The biblical wisdom in the book is not heavy-handed but helpful, I think, in offering context for how the author wants to frame her own healing and what she believes is possible for others.

The most compelling part of the book for me was at the very end. The author includes an entire chapter on tactical approaches to identifying and rooting out the core lies and core fears that plague our own complicated hearts. She offers spiritual insight on the symptoms and hazards of clinging to these core lies. Many of her podcast episodes have addressed these in different forms but I was very grateful to see the full material in written form, almost like a psycho-spiritual instruction manual.

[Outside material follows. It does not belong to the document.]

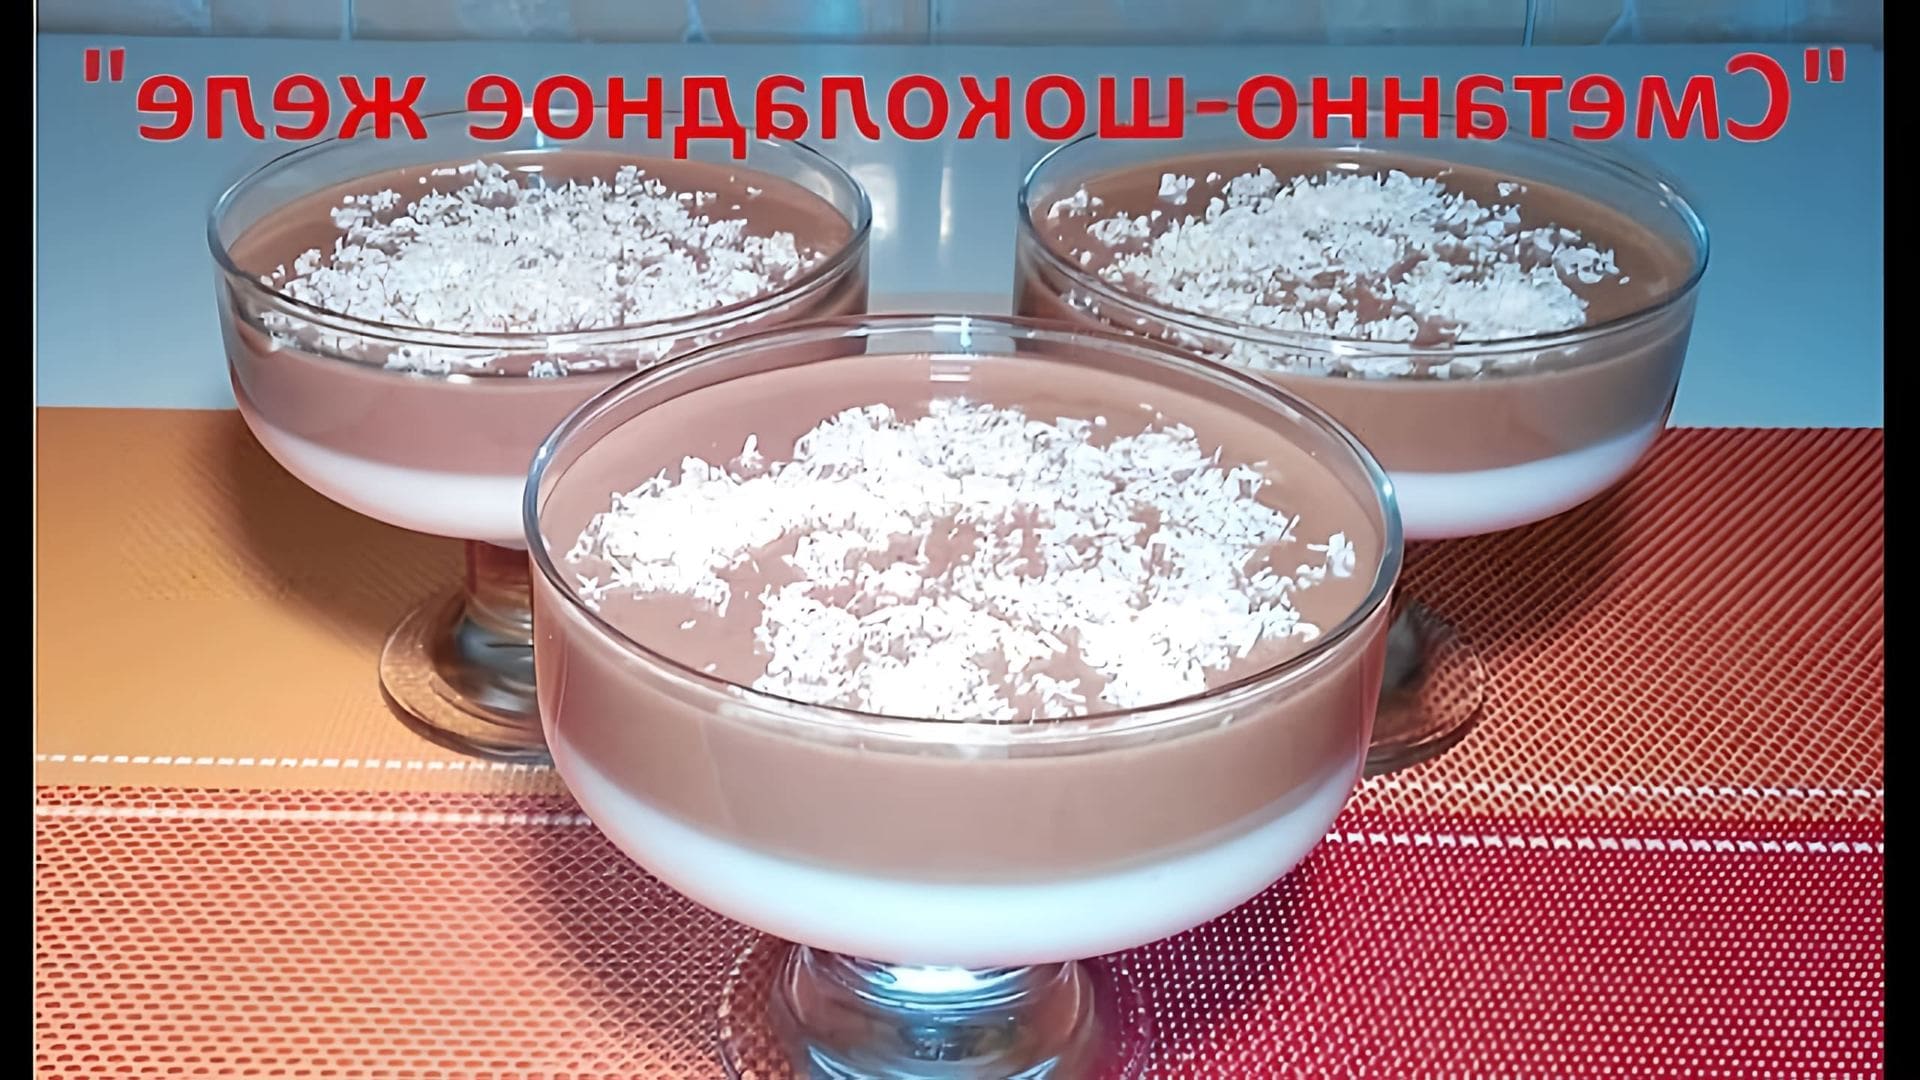 В этом видео демонстрируется рецепт приготовления желейного десерта со сметанно-шоколадным вкусом
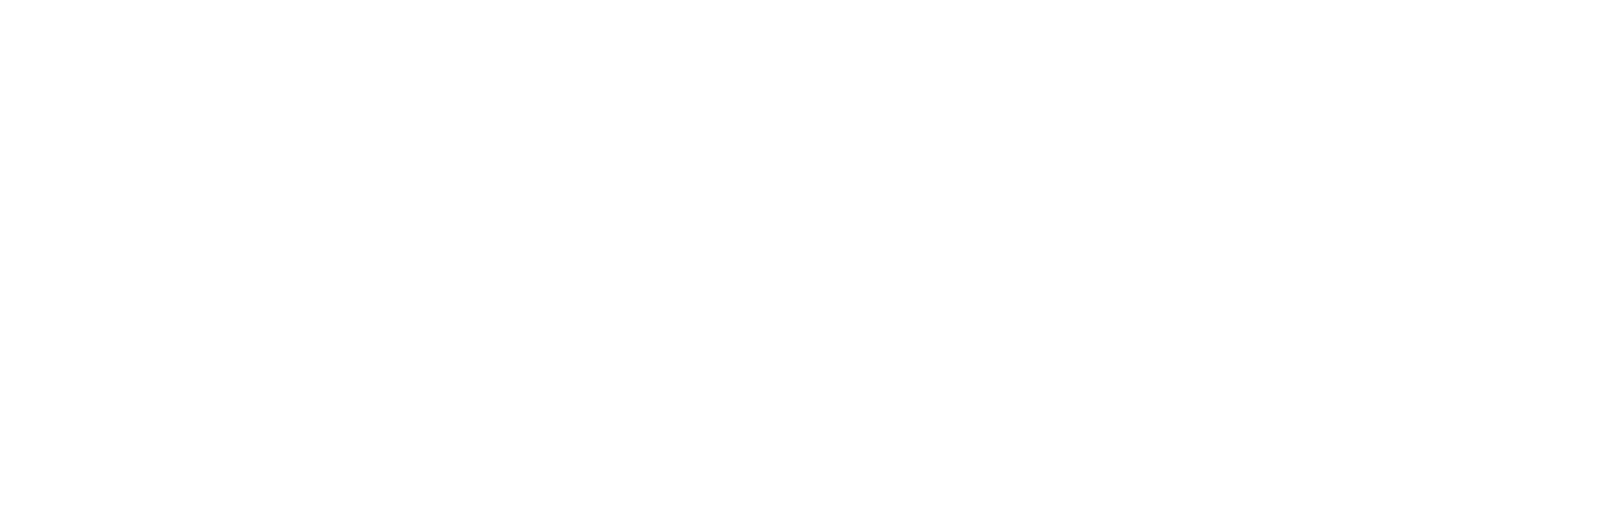 Enterprise Products logo large for dark backgrounds (transparent PNG)

I would especially recommend this book to anyone who has fought to have a healthy relationship with a parent or felt enmeshed and unable to establish firm boundaries with a family member. Sarah Mae’s willingness to share her story in a vulnerable, accountable way is as inspiring as it is instructive to all who want to explore the complexity of our hearts.


I received this book as a digital edition courtesy B&H Publishing in exchange for my honest review of the book.